Raja Sepak Bola

Raja Sepak Bola
Akhir musim


__ADS_3

Tanpa Leon, Bayern seperti sekawanan serigala yang kehilangan pemimpin, namun gaya berani dan ulet tim Jerman ditampilkan tanpa pamrih.


Hingga akhir, Real Madrid mengandalkan Morientes yang menggantikan Cambiasso di babak kedua untuk menyalip skor dengan sundulan...


Skor ini dapat diterima untuk Bayern, tetapi Leon diusir dari lapangan memang tidak dapat diterima untuk Bayern.


Pelatih Bayern Hitzfeld juga membombardir wasit Italian Collina pada konferensi pers pasca-pertandingan, "Saya pikir kartu merah Leon adalah sesuatu yang bisa dihindari wasit, dan dua pelanggaran itu bukan tindakan besar. Mengusir pemain terbaik kami! Saya tidak pikir kami kalah dari diri kami sendiri, pemain kami adalah yang terbaik!"


Banyak media percaya bahwa Leon, pesepakbola dunia baru, dikeluarkan sebagai pukulan besar bagi Bayern. Anda harus tahu bahwa Bayern dapat menerima kekalahan satu-dua di Bernabeu, tetapi Leon tidak dapat bermain di babak berikutnya antara mereka dan Real Madrid Ini tidak bisa diterima Bayern.


Maka Bayern pun segera mengajukan banding, namun beberapa hari kemudian, banding tersebut gagal.

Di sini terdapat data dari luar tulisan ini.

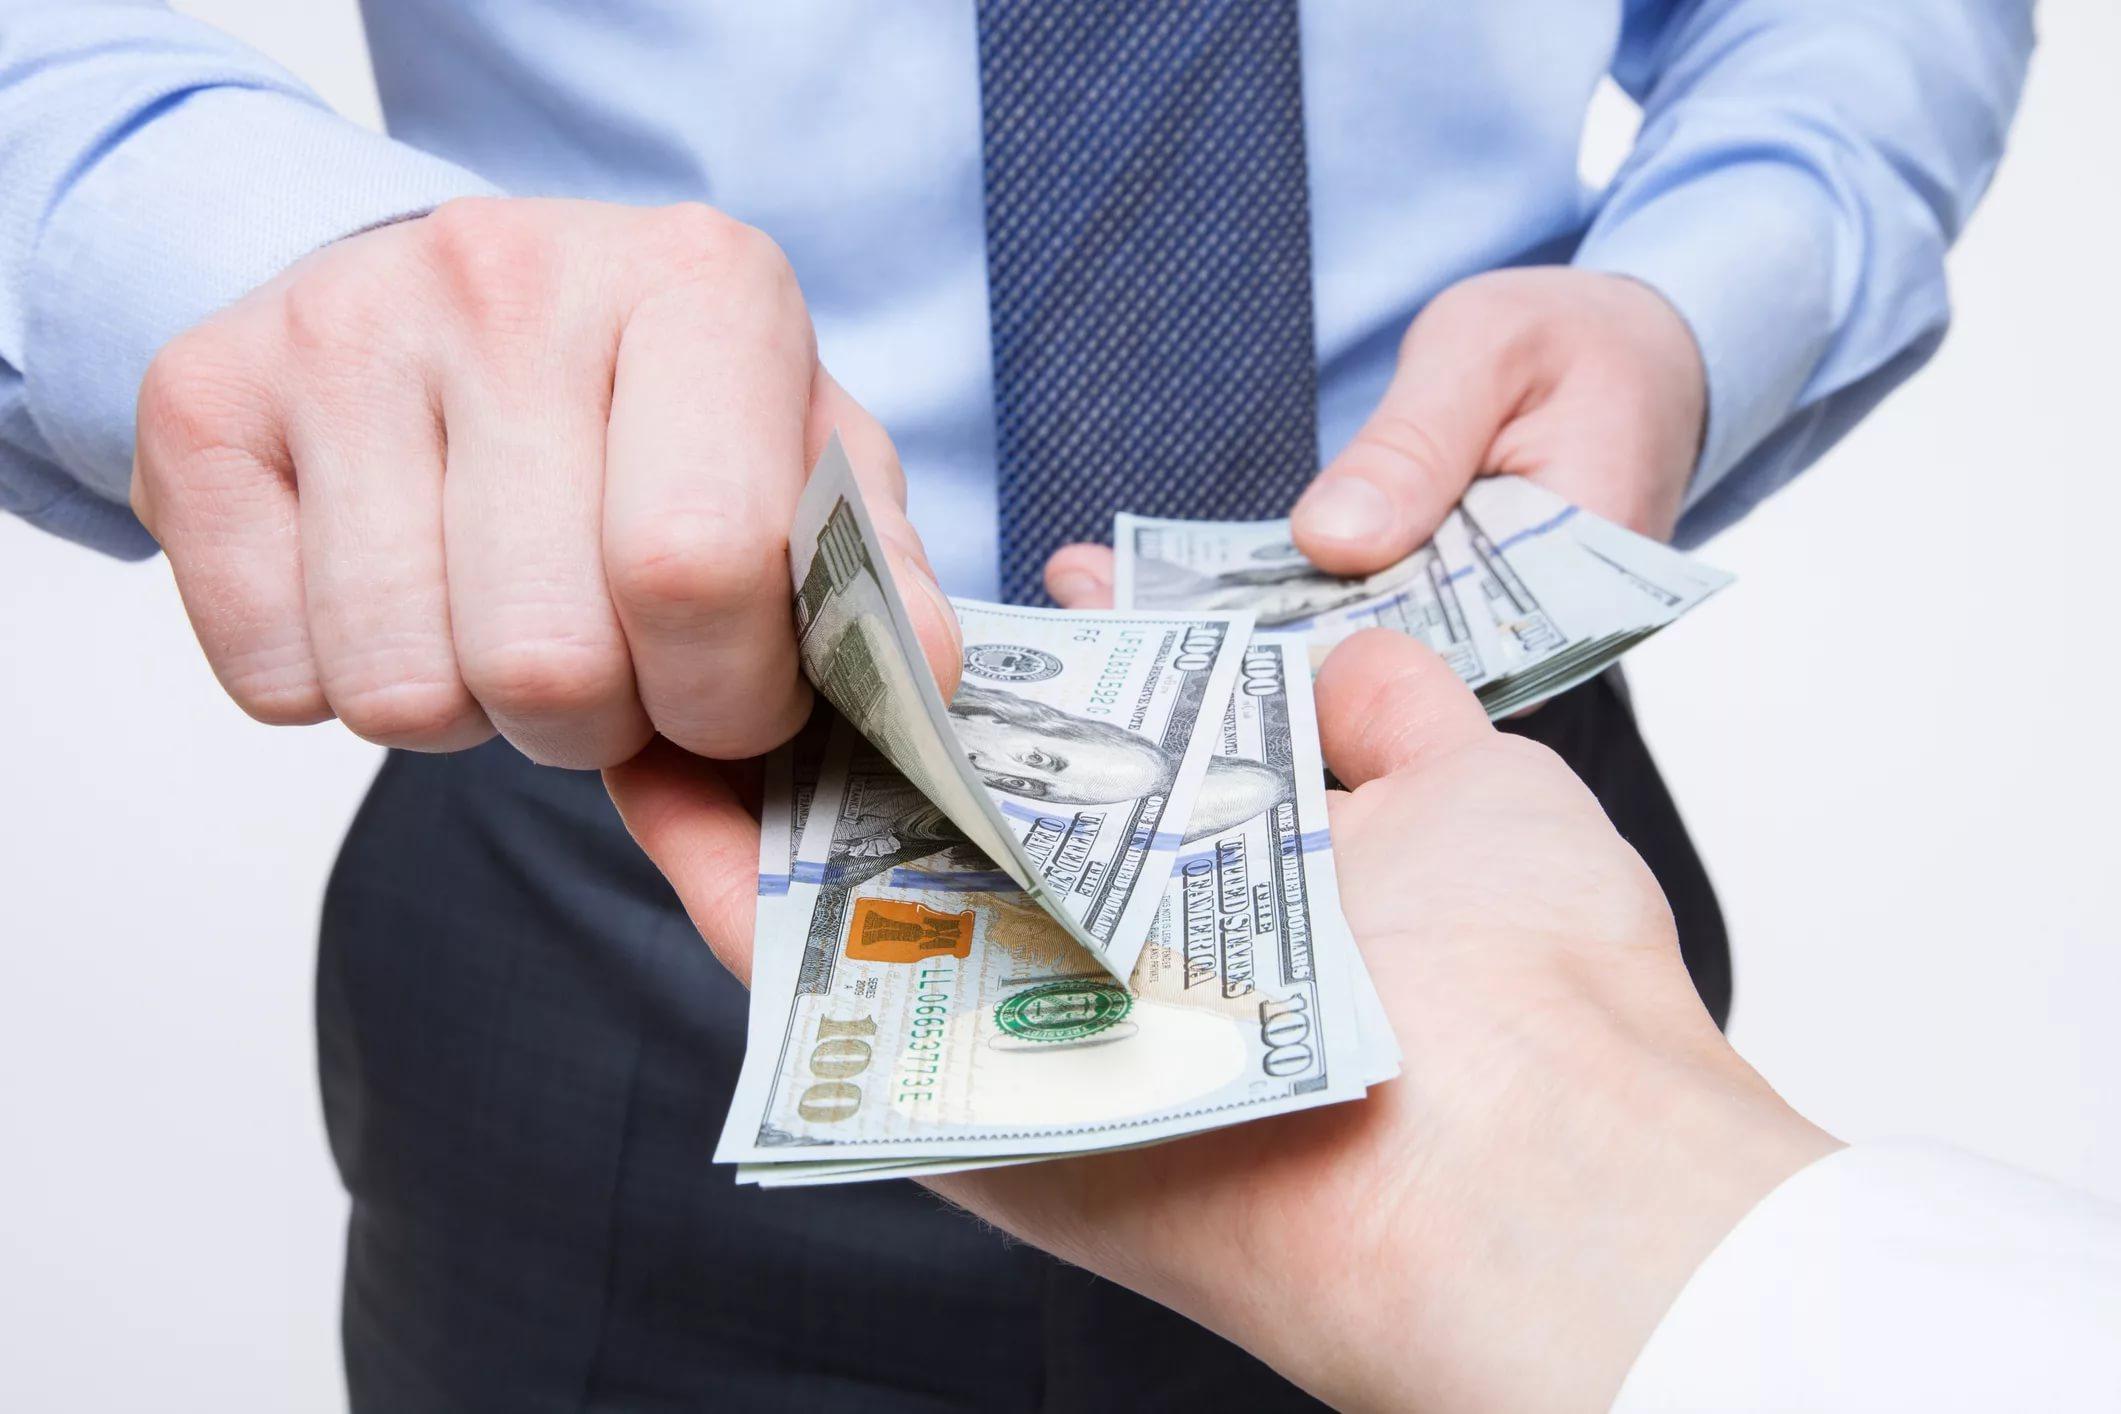 Деньги до 4 ООО ООО р. от частного лица под расписку.

Alasannya sangat sederhana, karena pelanggaran Leon tidak melibatkan diving lawan, tetapi pelanggaran yang solid, meskipun kedua pelanggaran ini dapat dihukum. Antara dan tidak dapat dihukum, tetapi pelanggaran Collina kalimat tak terbantahkan...


Hanya bisa dikatakan bahwa keberuntungan Leon terlalu buruk.


Kegagalan banding memaksa Bayern kehilangan inti mereka Leon Weir di babak kedua melawan Real Madrid. Untuk Bayern saat ini, mereka telah memenangkan kejuaraan Bundesliga lebih cepat dari jadwal, dan klub sepenuhnya berjuang untuk Liga Champions.


"Apa yang kamu lakukan? Semua orang tertunduk! Bukankah kita baru saja kalah 1-2 di Bernabeu! Selama kalian bermain 1-0 di babak kedua, saya bisa bermain di final! Perhentian ini Permainan hanya berhenti saya untuk satu pertandingan!" Di sesi latihan pertama setelah kembali ke Bayern dan Munich, Leon, yang menemukan bahwa rekan satu timnya tidak memiliki semangat, juga berharap agar rekan satu timnya bisa bersorak.


Toh, Bayern bukannya tanpa peluang, skor 1-0 bisa membuat Bayern masuk final.


Meski absennya menjadi pukulan telak bagi Bayern, Leon tak ingin rekan setimnya menyerah.


"Leon benar! Corina si anjing, kita harus pergi jauh-jauh ke final! Kita telah mencapai semi-final, haruskah kita menyerah?" Raja Singa Kahn juga menggunakan geraman dan tepuk tangan klasiknya. Ceria untuk rekan satu timmu di tempat latihan.


Oliver dan Leon benar, bagaimana kita bisa menyerah begitu saja! Kita masih memiliki rumah!” Bomber Andes Pizarro adalah yang pertama pulih dari depresinya, untuk semangat juang Pizarro For Salo, selama peluit akhir dibunyikan, dia tidak akan pernah putus asa untuk mencetak gol.


"Ya! Kami ingin Leon kembali ke final! Hanya tim yang telah mengalami kemunduran dan kesulitan yang tak terhitung jumlahnya yang memenuhi syarat untuk mengangkat trofi terakhir! "Roque Santa Cruz sekarang tidak memiliki perasaan pangeran melankolis di kehidupan sebelumnya, meskipun Itu akan membuat banyak penggemar merasa menyesal, um, biarkan penggemar mati otak yang menyukai pria melankolis menyesalinya! Apa yang Leon sukai adalah Santa Cruz saat ini, cerah dan kuat.Anda harus tahu bahwa Santa Cruz dapat mencetak banyak gol pengetahuan untuk Bayern musim ini.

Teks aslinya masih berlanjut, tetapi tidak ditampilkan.